Health technologies are leveraged to tackle the problem of medication non-adherence
Medication non-adherence has been estimated to cost the US healthcare system between $100-300 billion annually.1,2 Improving medication adherence saves health systems money and supports better patient outcomes in many disease states. Health technologies are increasingly being used to help patients take their medications. For instance, the patient can record on a phone or a device every time they take their medicine. Health care providers are also using text messages to remind their patients to take their medications.
The result of improved adherence on health outcomes can include fewer doctor visits, as well as a reduction in the need for poly-pharmacy and rescue medicines. And, it supports the commercial success of drug products because improved adherence leads to better outcomes. Getting volunteers in a clinical study to take their medication is relatively easy, but payers want to know that it’s going to work the same in the real world.

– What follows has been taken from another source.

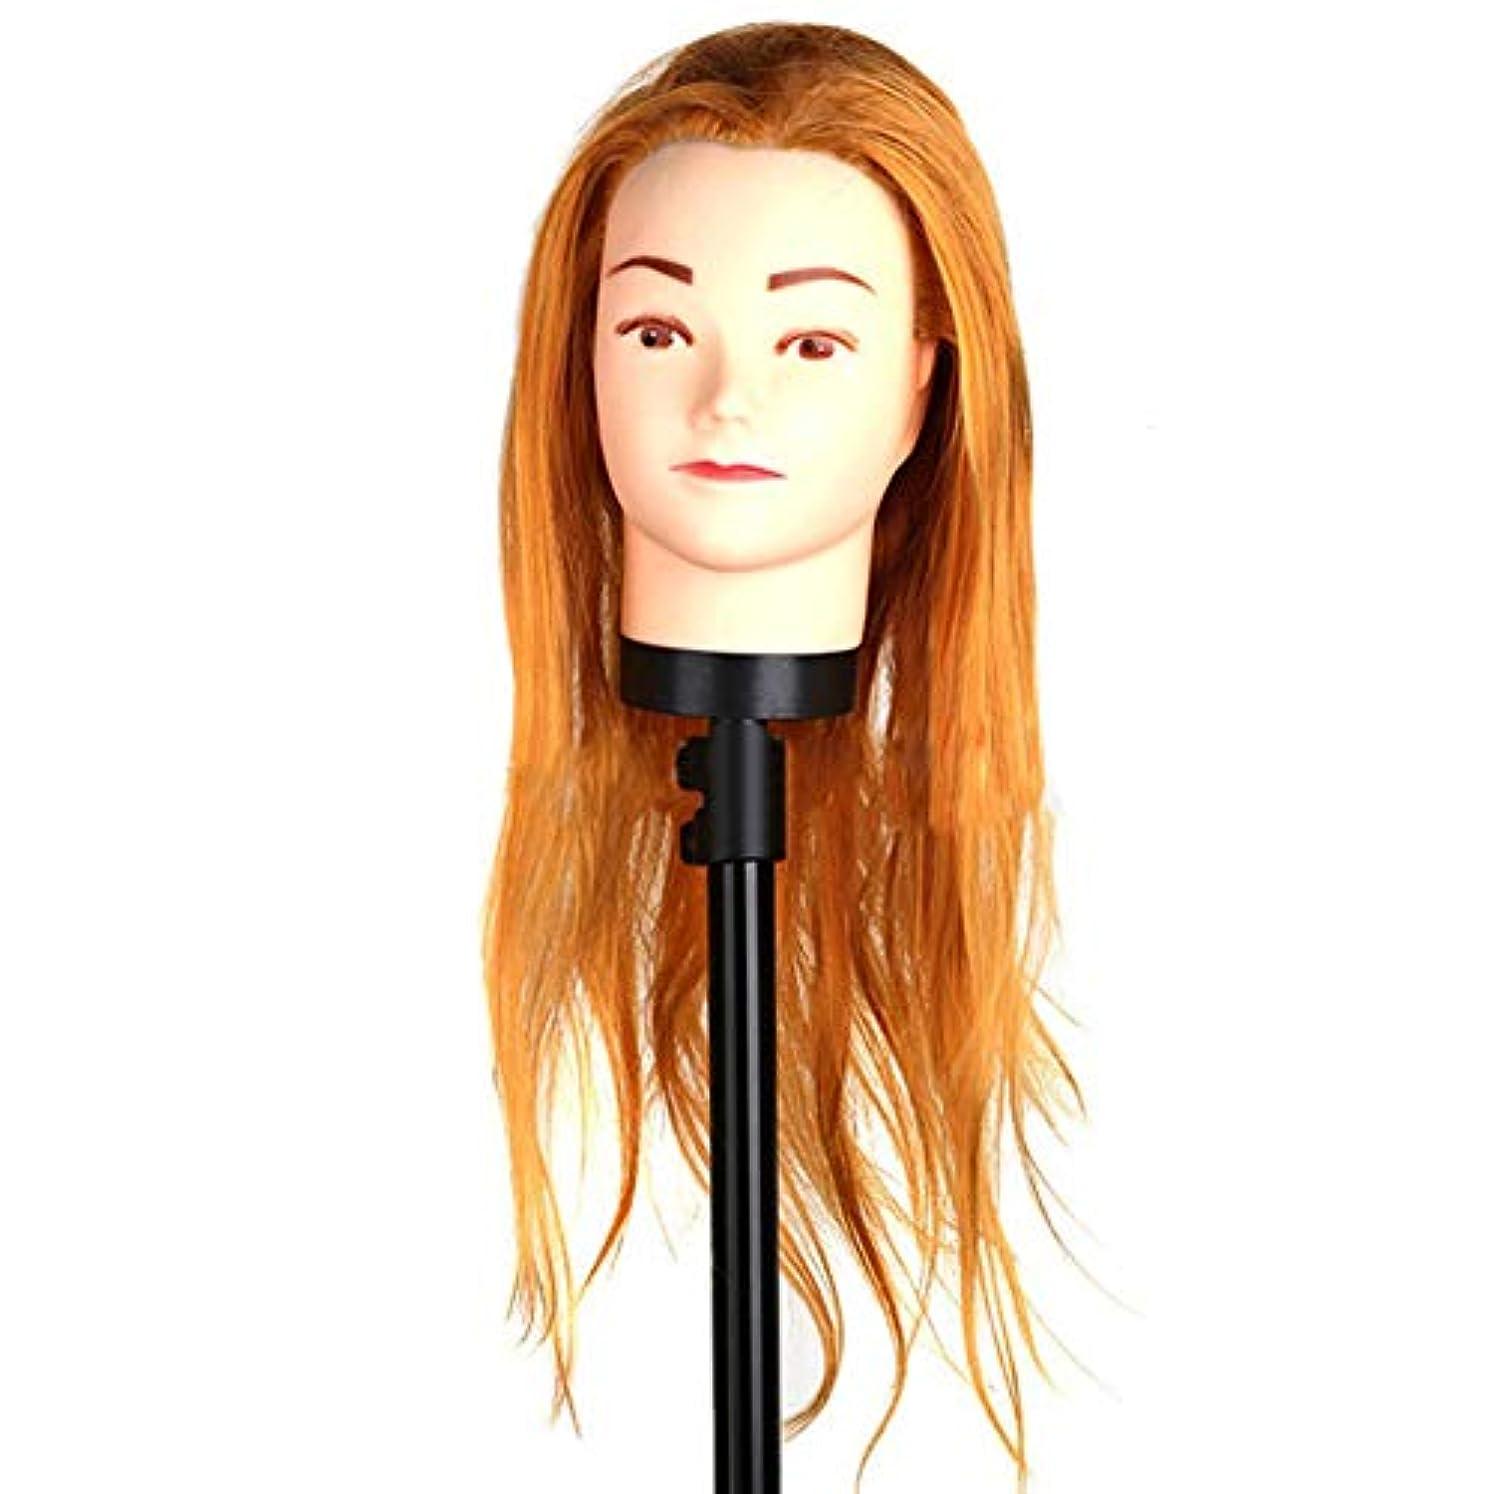 正直広々とした自分高温繊維かつらヘッドモールドメイクヘアスタイリングヘッドヘアーサロントレーニング学習ヘアカットデュアルユースダミー人間の頭

Innovative contracting and risk-sharing agreements
Risk-sharing agreements between the pharma industry and governments are becoming increasingly popular. They stipulate that if products don’t perform well in the real world, then the pharma company has to pay back some money to that country’s health system. So, it’s in the company’s interest to develop practices that help ensure patient adherence and to capture the real world data to prove this.
In conclusion, by embracing advanced Market Access and HEOR strategies early in product development, drug companies are more likely to achieve regulatory and commercial success while better serving patients in need.
1. Iuga AO, McGuire MJ. Adherence and health care costs. Risk Manag Healthc Policy 2014;7:35–44.
2. Viswanathan M, Golin CE, Jones CD, et al. Interventions to improve adherence to self-administered medications for chronic diseases in the United States: a systematic review. Ann Intern Med 2012;157:785–95.